Wednesday, September 24, 2014

News Flash! General Franco is Still Dead and Frank Bruni is Still Upset With the Catholic Church

Chevy Chase mocked deceased General Francisco Franco during the first season of Saturday Night Live, reporting on his nightly news spoof that "Generalissimo Francisco Franco is Still Dead."  The gag went on for two years, according to a Wikipedia article on this very topic.

Maybe Saturday Night Live needs a fresh spoof. How about this? "Frank Bruni is still upset with the Catholic Church."  Today's New York Times ran another of Bruni's attack essays against Catholicism. This time he reported that a Catholic priest in Montana denied communion to two men who recently got married in Seattle.

I agree with Mr. Bruni that all people should be treated with respect and that no one should be discriminated against based on their sexual orientation. But the Church's stance on sexual morality forms part of the Church's core doctrine, and it is not going to change simply because Mr.

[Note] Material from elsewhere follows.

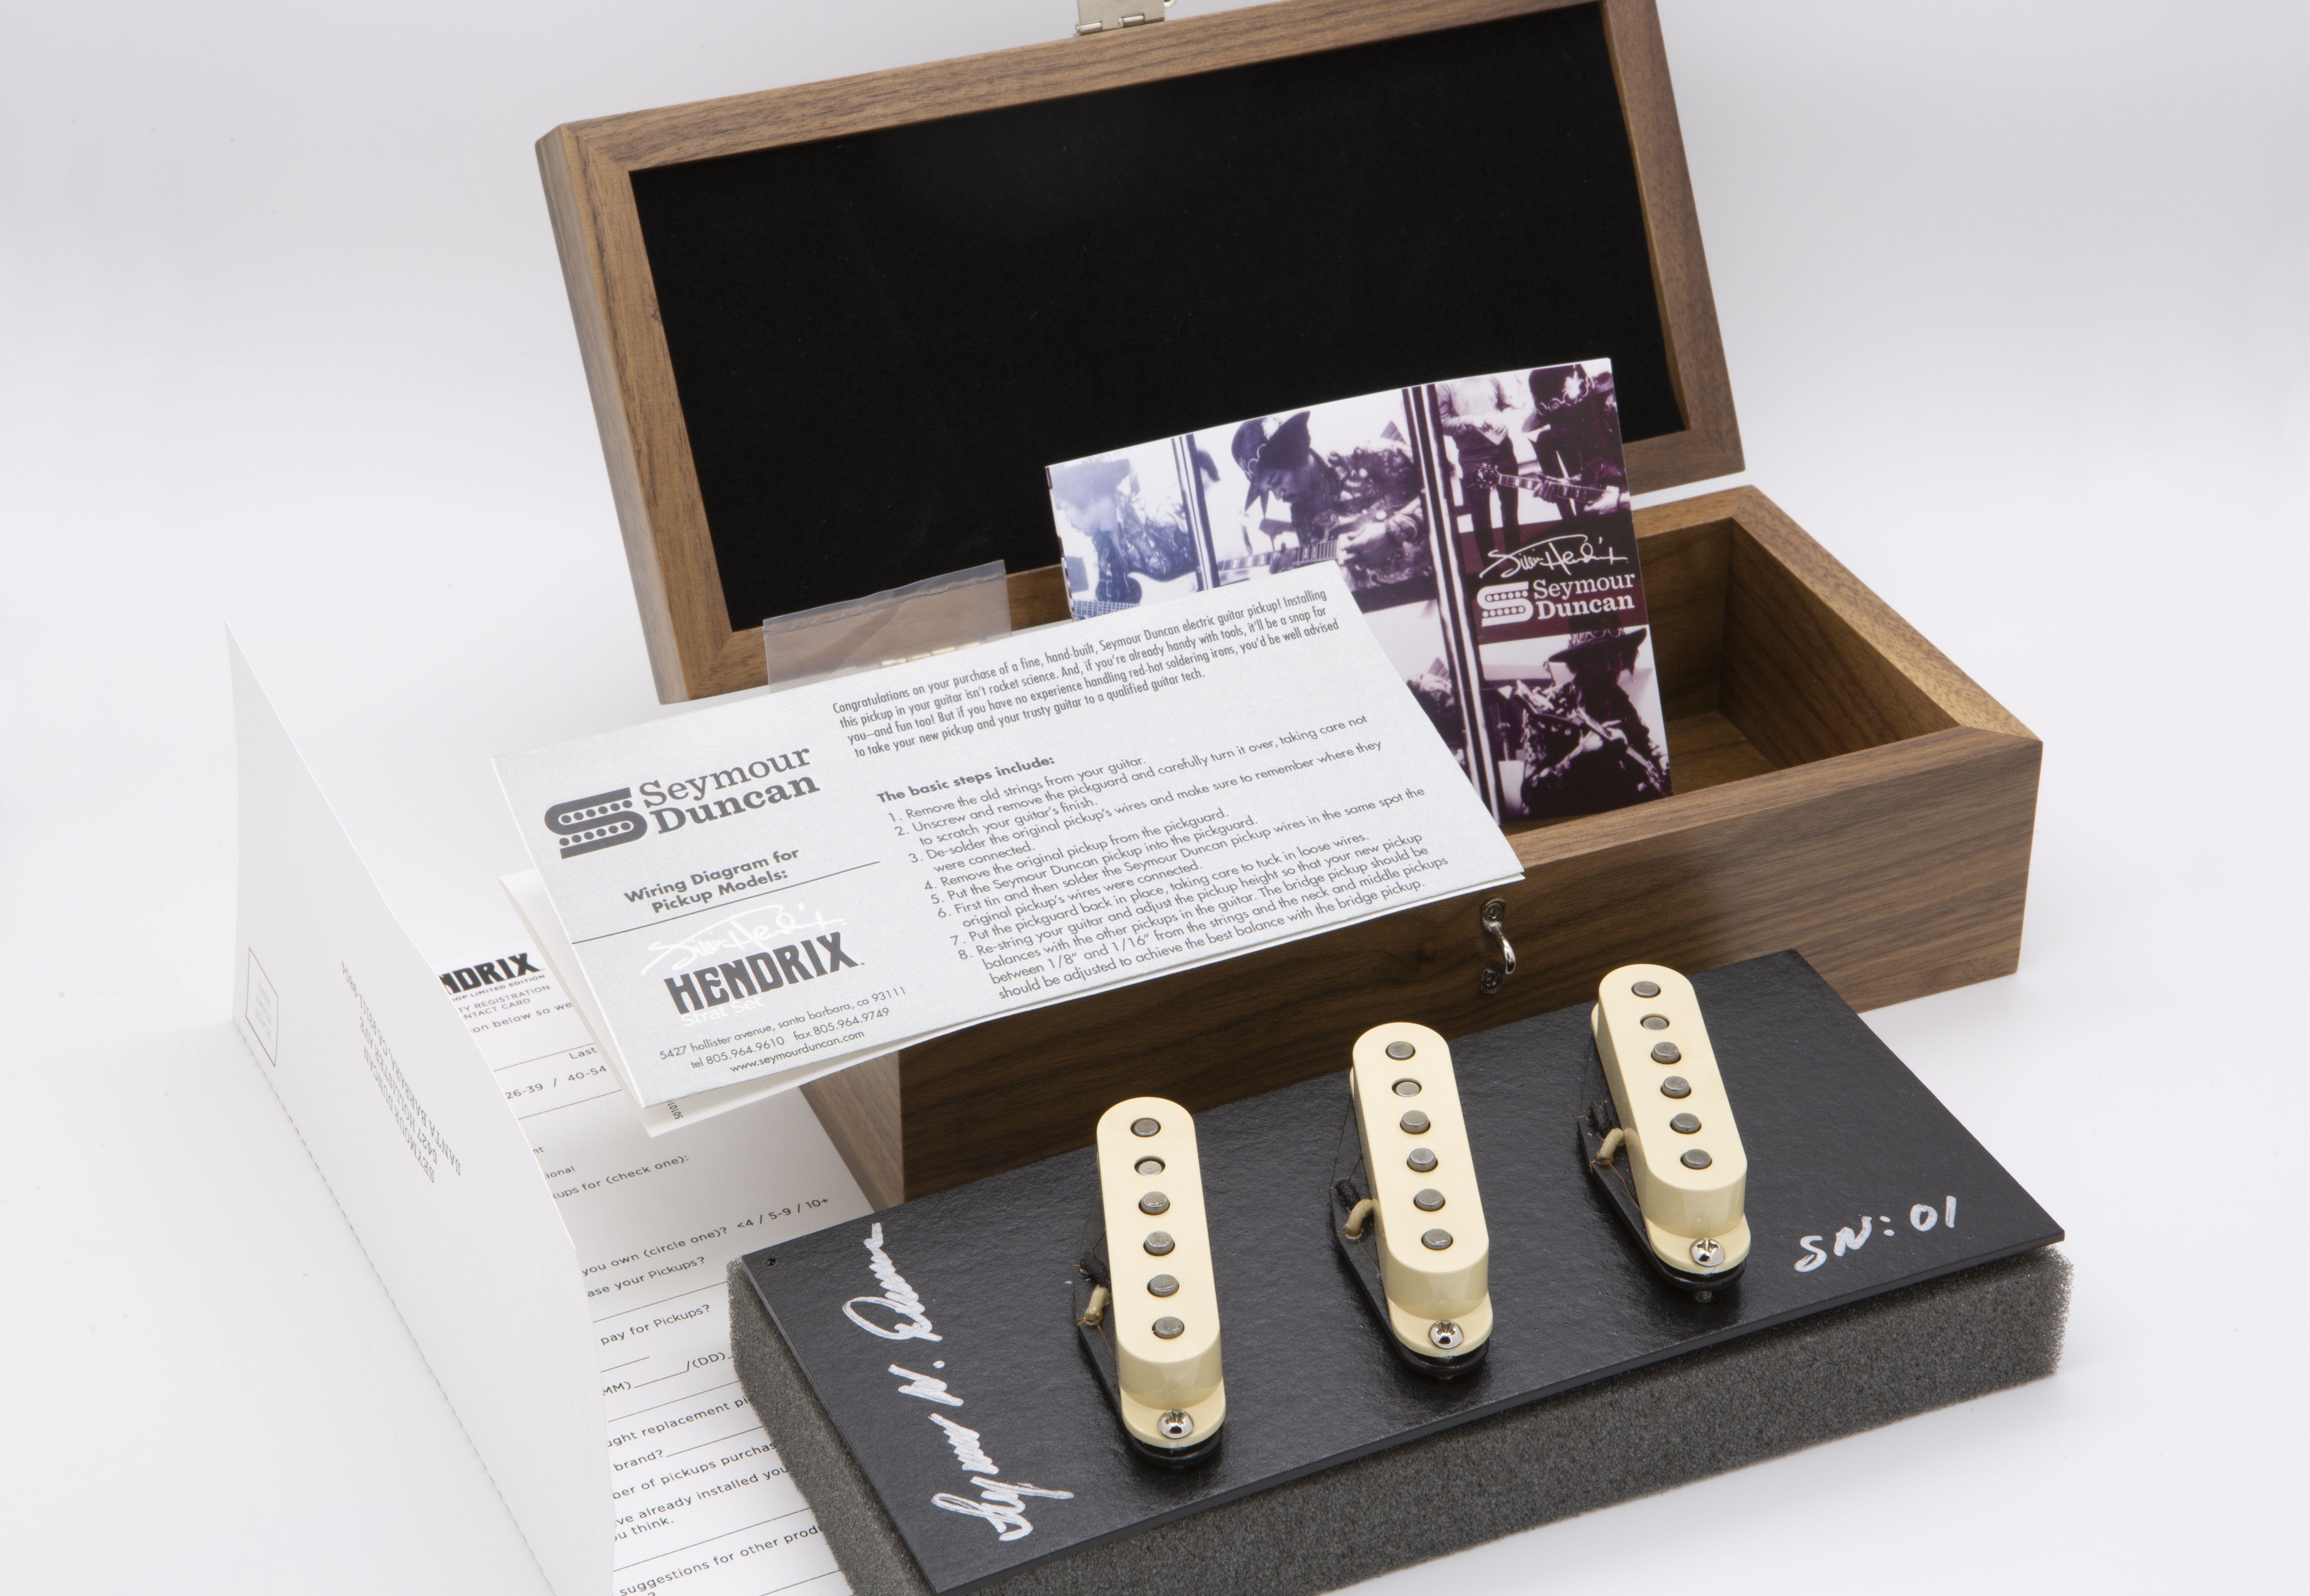 Seymour Duncan Hendrix Custom Shop Limited Edition Box Set

Bruni continually criticizes the Church in the New York Times.  And flattering Pope Francis (as Mr. Bruni often does in his columns) will not make the Pope rewrite the Catechism.

Frankly, I don't get it. The Catholic Church's position on marriage is basically identical to the doctrine of the Mormon Church and the Southern Baptist Church. But Bruni and the New York Times don't constantly criticize those denominations.

Sometimes I think the the Times has a 24-hour hot line for disaffected Catholics, a line that automatically rolls over to Frank Bruni's cell phone. It seems like the Times never passes up an opportunity to undermine the Catholic Church.  Just last week, the Times reported that Vice President Biden was chummy with a group of disaffected nuns--a real non-story if ever there was one.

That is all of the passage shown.